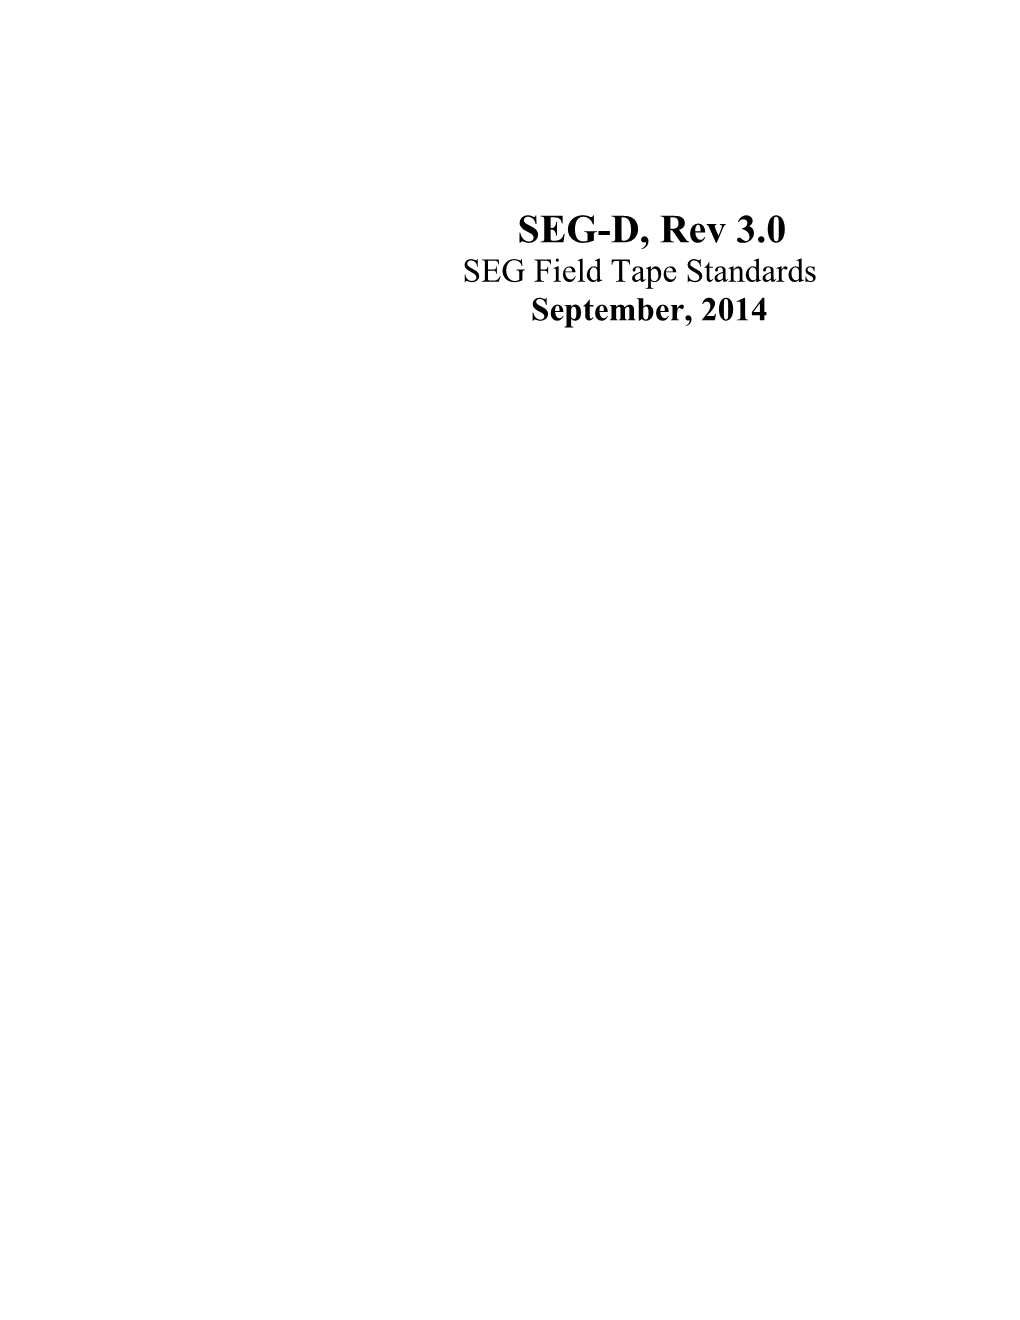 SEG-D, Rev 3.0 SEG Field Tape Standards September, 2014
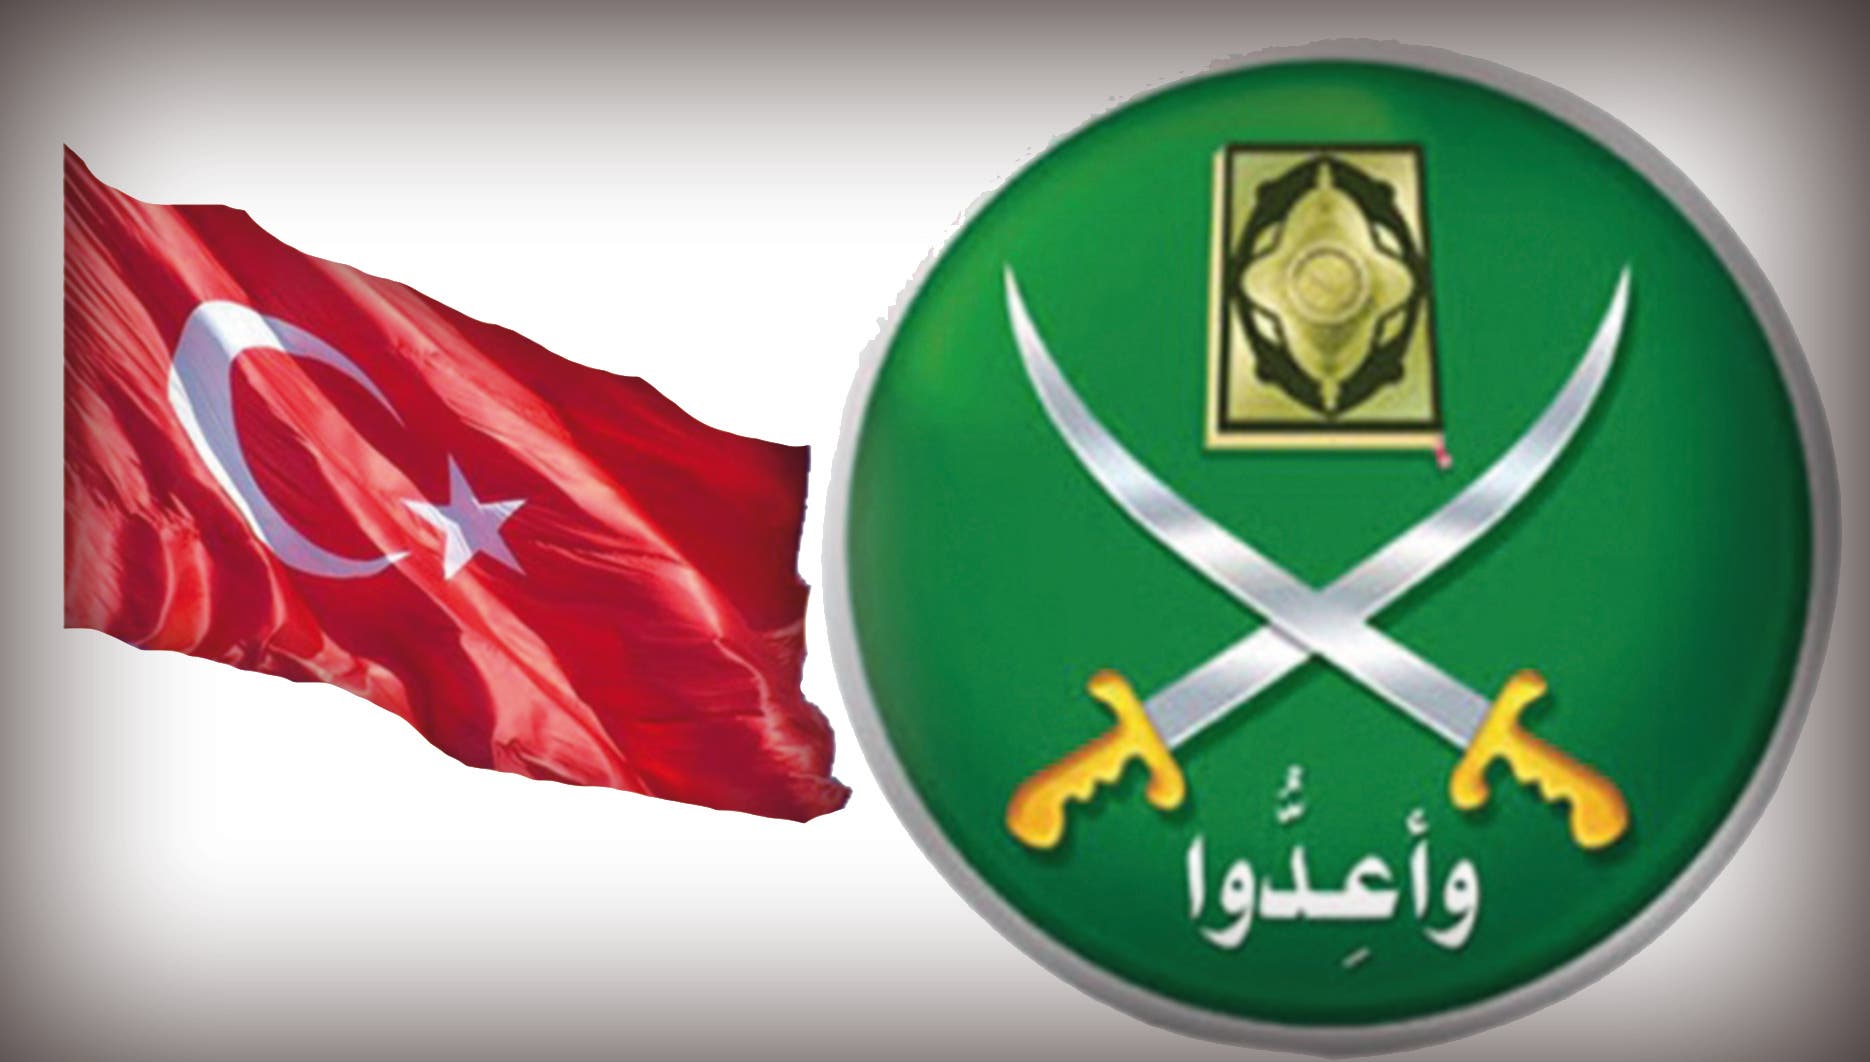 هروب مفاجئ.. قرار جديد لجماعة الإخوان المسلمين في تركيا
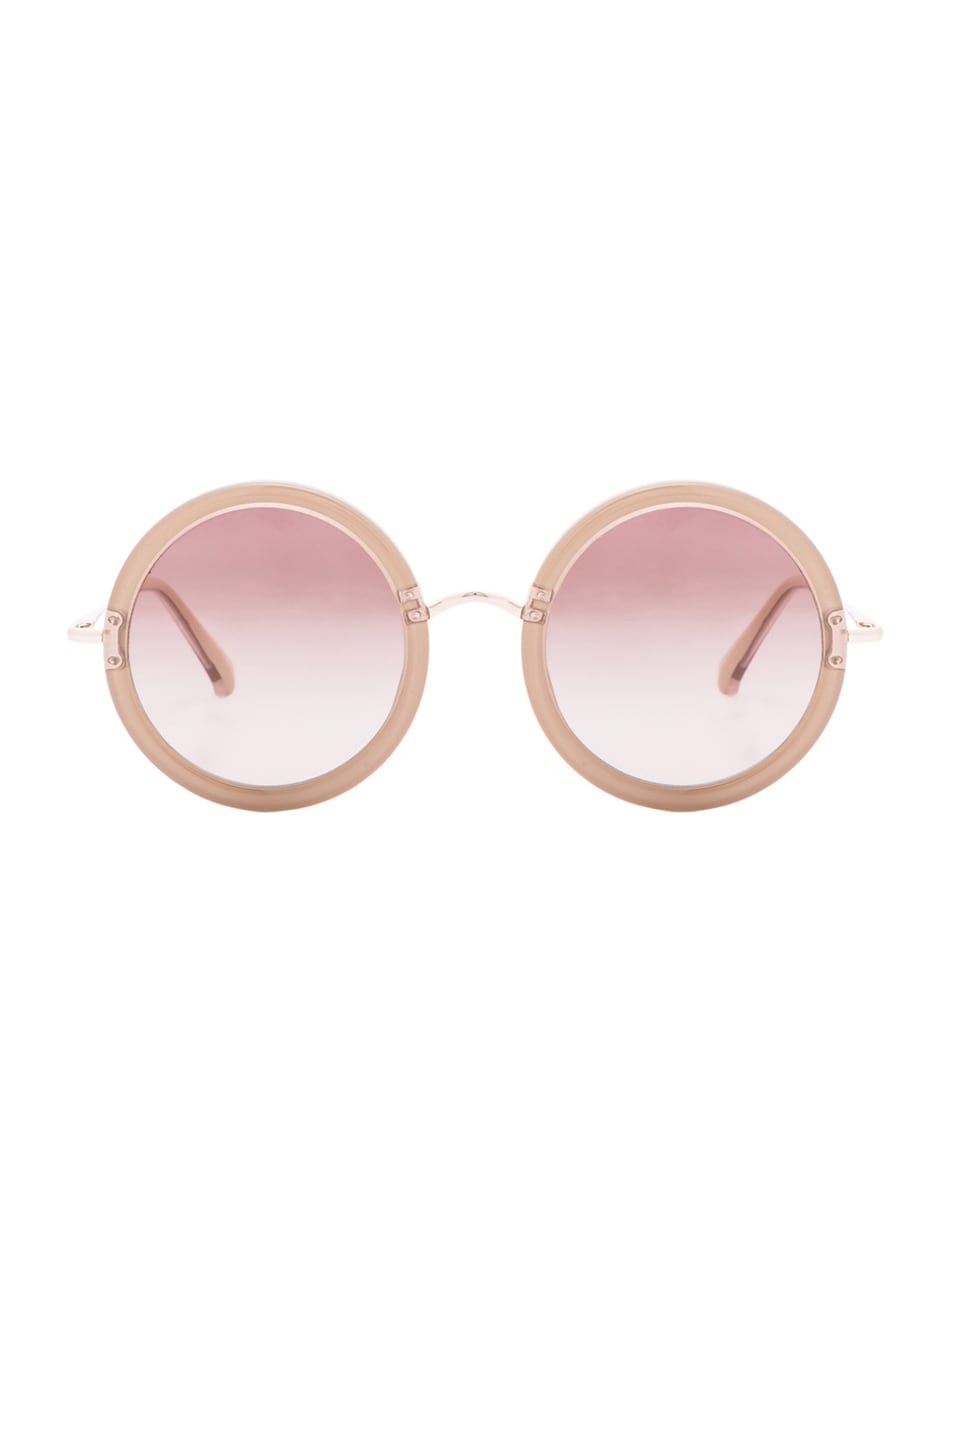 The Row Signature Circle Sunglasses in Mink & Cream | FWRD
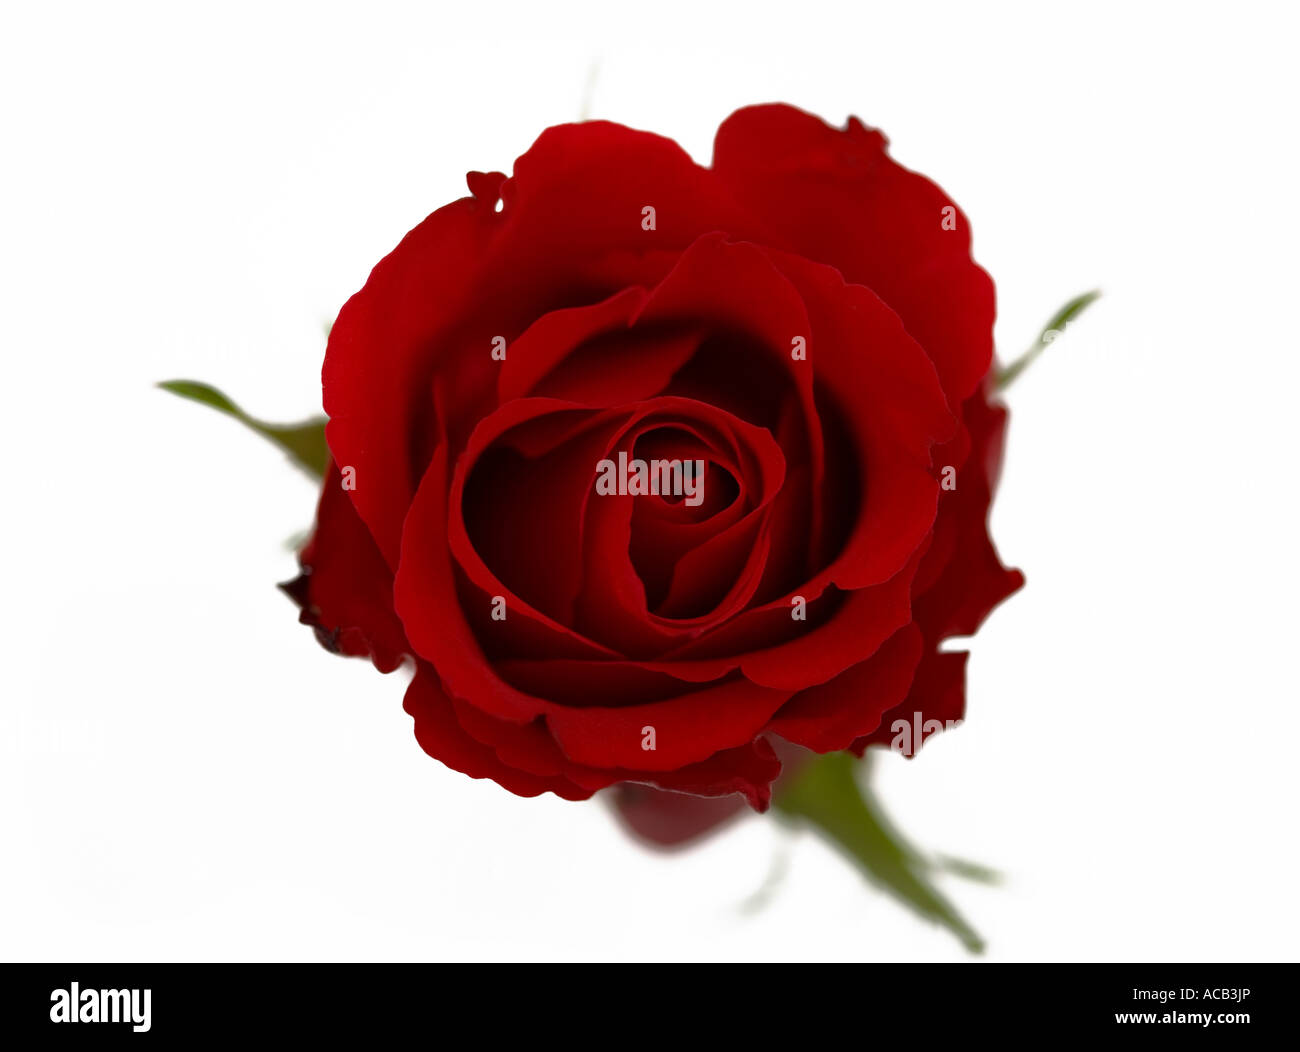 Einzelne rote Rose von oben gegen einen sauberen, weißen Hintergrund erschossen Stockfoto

• Work instruction: The answer must be the data above, repeated exactly, with no pictures.

• Output for this task:
 SEG-D, Rev 3.0 SEG Field Tape Standards September, 2014
 هروب مفاجئ.. قرار جديد لجماعة الإخوان المسلمين في تركيا
 The Row Signature Circle Sunglasses in Mink & Cream | FWRD
 Einzelne rote Rose von oben gegen einen sauberen, weißen Hintergrund erschossen Stockfoto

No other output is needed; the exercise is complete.